= Brio Technology =

Former software development company

Brio Technology was a San Francisco Bay area software company cofounded in 1984 by Yorgen Edholm and Katherine Glassey. The company is best known for their business intelligence software systems, starting with DataPivot on the Apple Macintosh. Brio Software was acquired by Hyperion in 2003. Hyperion was in turn acquired by Oracle in 2007. The Hyperion performance management software became the basis of the current Oracle Enterprise Performance Management (EPM) solution which is still offered today as Oracle EPM Cloud. The Brio Technology products were offered as part of the Oracle Business Intelligence (OBIEE) solutions for a time but was eventually deprecated in favour of Oracle's business intelligence solution that was acquired separately from Siebel in 2006. Consequently, the ever shrinking user base of Brio Technology is limited to those customers who purchased Brio products years ago.

==History==
Brio Technology was founded in San Francisco in 1984 as a consulting company. It made money early by doing contract work for Metaphor Corporation and performing contract programming.

===Business intelligence software===
By 1990, Brio had developed its first product, Data Prism, a database query and analysis tool.

The next year, Brio released DataPivot, an innovative program designed to allow regular or sequenced data to be totaled automatically. This was one of the first OLAP software applications. The DataPivot code was later sold in the early 1990s to Borland and integrated into Quattro Pro. The essential idea of DataPivot (pivot tables) was also added to Microsoft Excel a bit later. Also Lotus Improv was built around a similar (though independently created) idea. Brio gained a patent for the idea behind DataPivot ("Cross Tab Analysis and Reporting Method") in 1999.

In 1993, Brio released Data Edit, a tool which allowed more direct manipulation of data in relational databases such as Oracle, Sybase, and DB2.

In 1995, Brio gained some much needed funding from the venture capital firm Kleiner Perkins. Kleiner Perkins insisted on some management changes (co-founder Yorgen Edholm was made the sole CEO of the company) and the ground was laid for taking the company public. Brio went public (former stock symbol of BRIO - Nasdaq) on May 5, 1998.

Flush with money, Brio started looking for businesses to acquire. In order to complement its technology, Brio looked at and later acquired SQRiBE Technologies. SQRiBE was a small company in Palo Alto, CA with reporting (SQR) and a new portal product (ReportMart).

===Executive changeover===
However, the merger with the company SQRiBE (also based in the Bay area) in 1999 did not work out well. Although the combined company did reach a record high of revenues in the year 2000 of $150 million (annualized), financial problems were looming. After reporting a net loss for first quarter of 2001, Yorgen Edholm resigned as CEO. Katherine Glassey was forced out of the company a few months later.

Brio hired Craig D. Brennan, a former SVP of Global CRM at Oracle, as its new CEO January 1, 2001. After his first 90 days at Brio, he realized that the company was in worse shape than described by the board. Not only was the Tech Bubble bursting, the economy in a recession, but the merger between Brio and SQRiBE was in name only. There was no vision, strategy, or plan to integrate the two companies. There were either no formal business processes or there were multiple overlapping teams, processes, and so on.

Brennan brought in a new executive team in his first six months and together they came up with a new vision for the company focused on Brio 8, their first integrated Business Intelligence Suite, with a complete redesign from mainframe and client-server to a web-based "zero footprint" architecture.
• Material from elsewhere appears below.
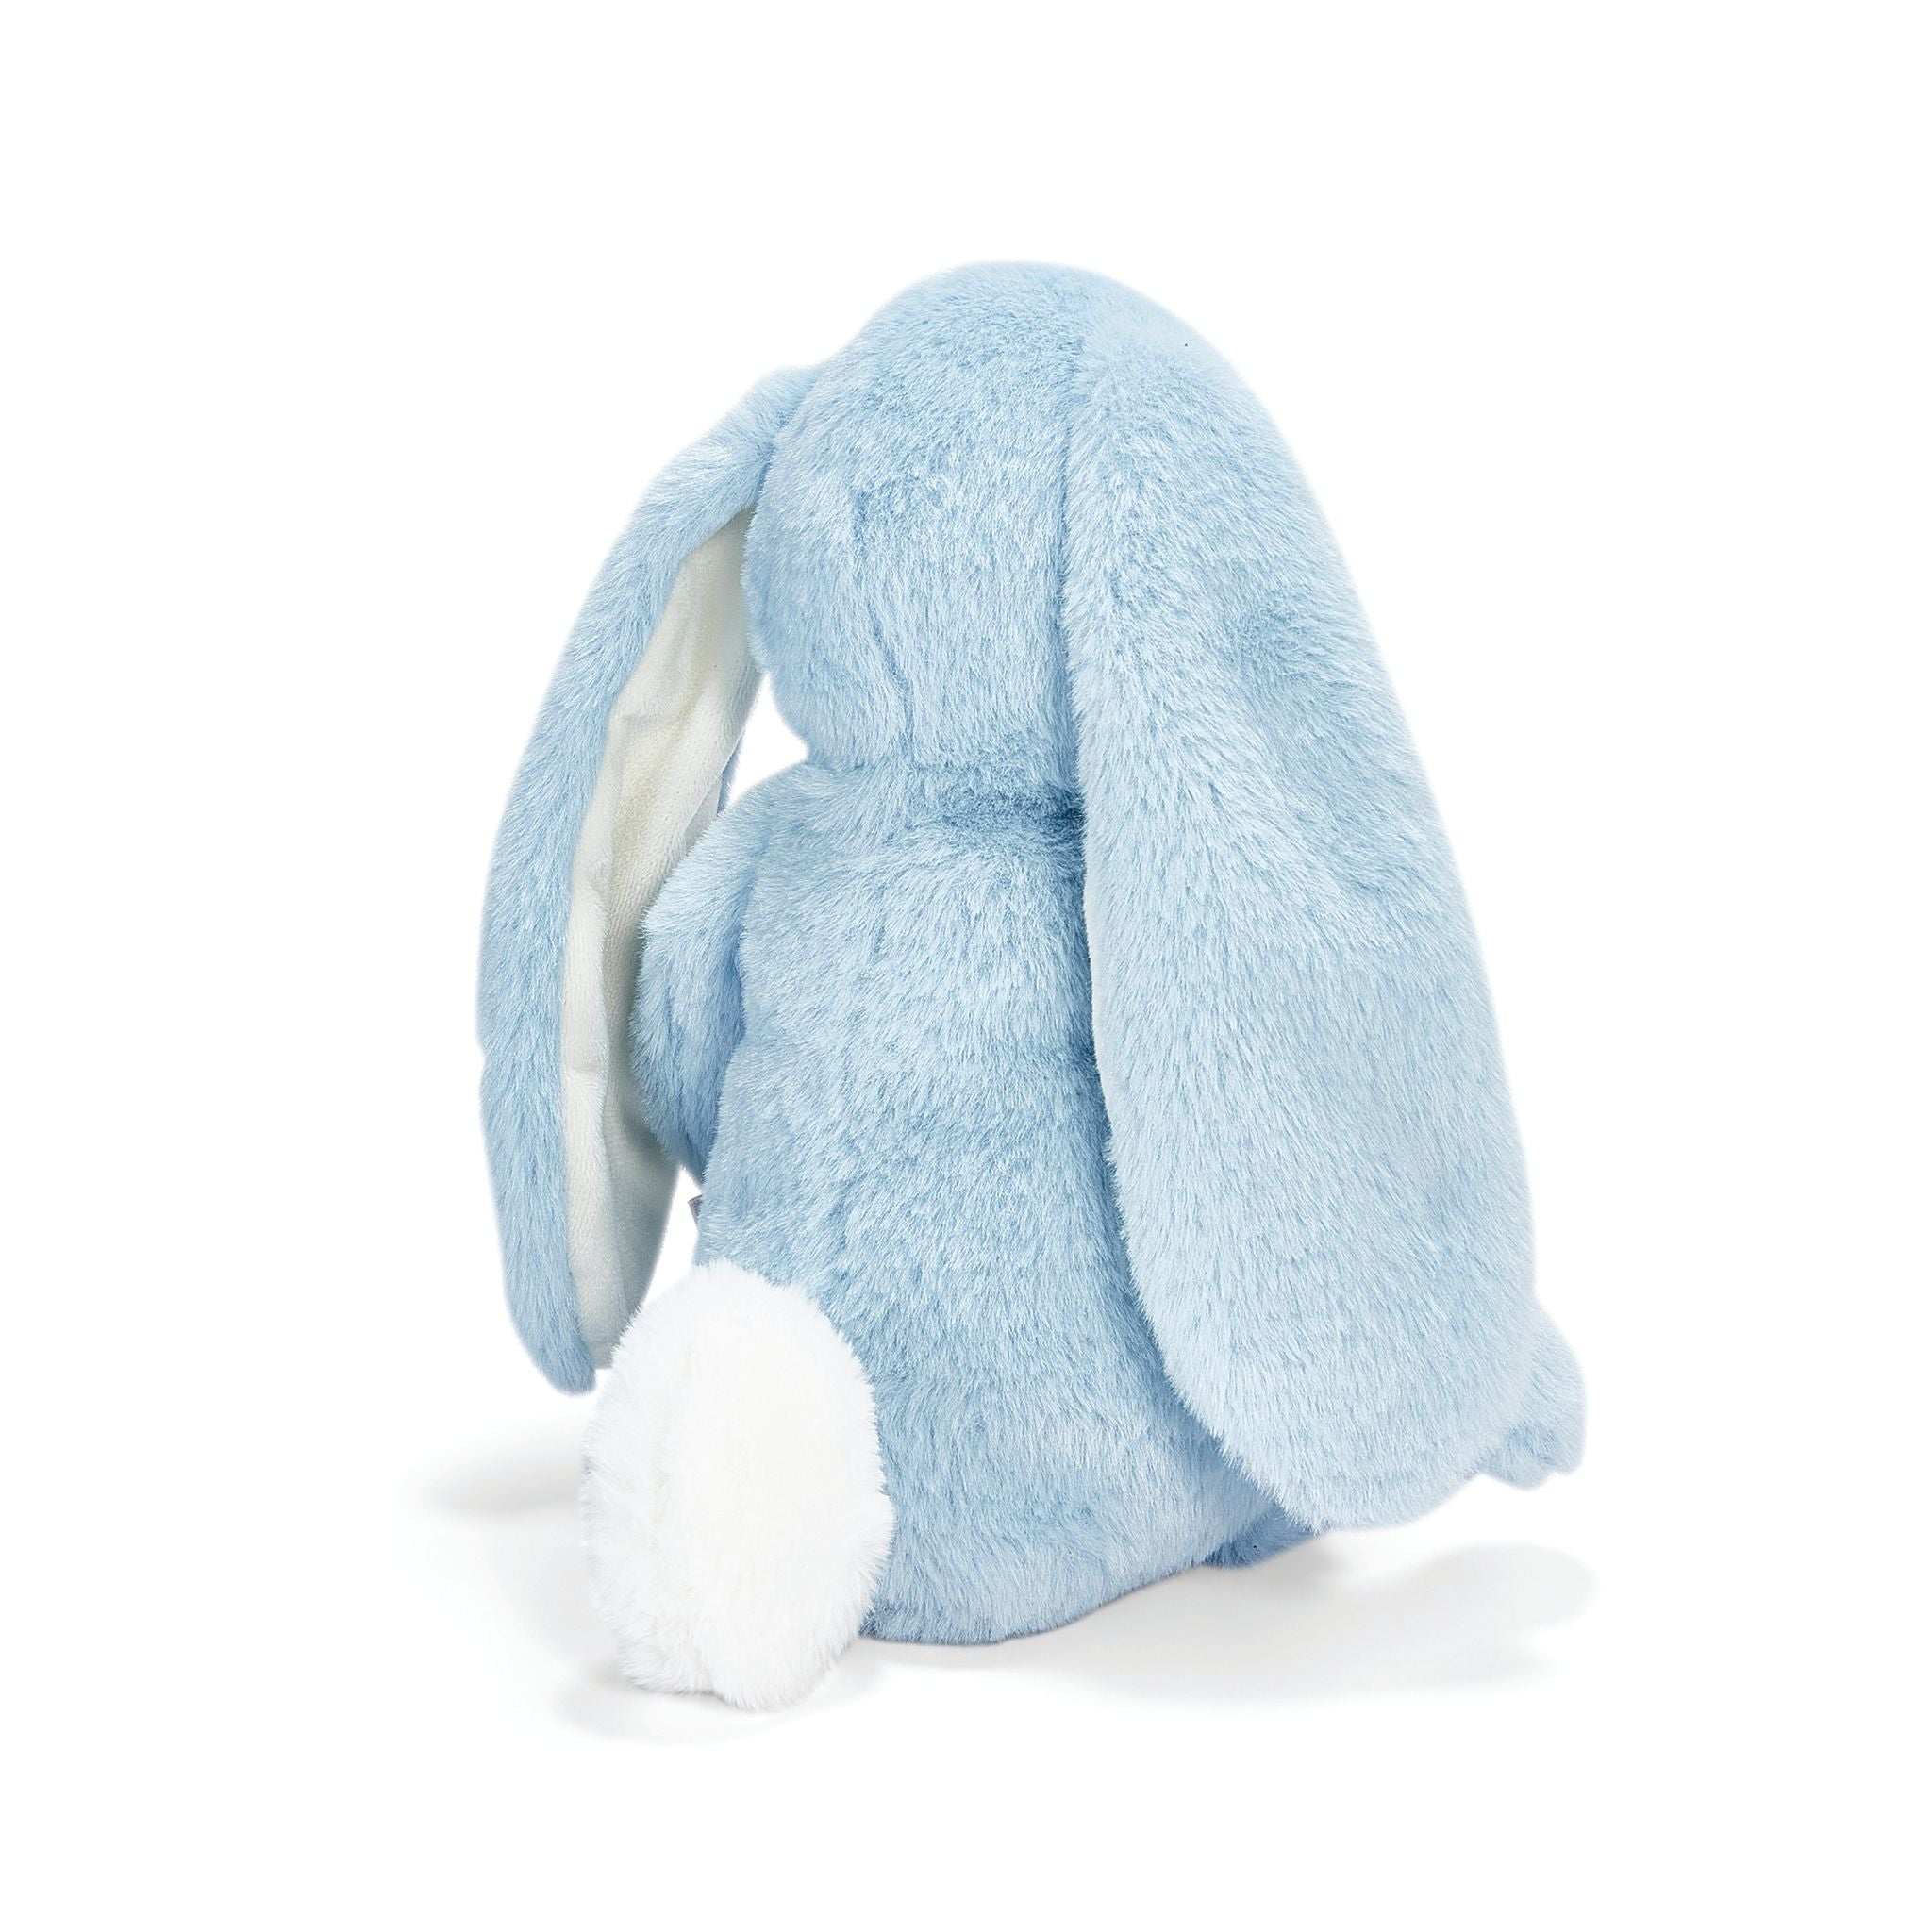 190324: Little Floppy Nibble 12" Bunny- Maui Blue

The company survived the terrible business environment of 2001. The company was required to do two major layoffs in 2001 to reduce its operational losses and to conserve cash. By the end of 2001, the company had achieved cash flow break-even.

Beginning in 2002, the company focused on installing business processes across all functions, dedicated most of its development resources to Brio 8, and managed new maintenance requirements for its most important customers. By the end of the year, the company launched Brio 8 to enthusiastic customers, partners, and press. The company was growing revenue again and had achieved a small profit.

===Acquisition by Hyperion===

In 2003, the executive team, working with the board, determined that the Business Intelligence market was going to consolidate and it made sense for the company to consider being acquired. The company focused on both growing its revenue and profitability while also seeking an acquirer. The best fit was Hyperion and over the course of several quarters, Brio Software was acquired and integrated into Hyperion's operations.

A quarter after Hyperion acquired Brio Software, their new integrated capabilities gave them new sales opportunities, and Hyperion achieved YR/YR 30% product growth for several quarters. The Hyperion stock price went from $15 per share to over $50 per share over the next few quarters. In March 2007, Oracle announced that it was acquiring Hyperion, this deal was finalized four months later, in July 2007.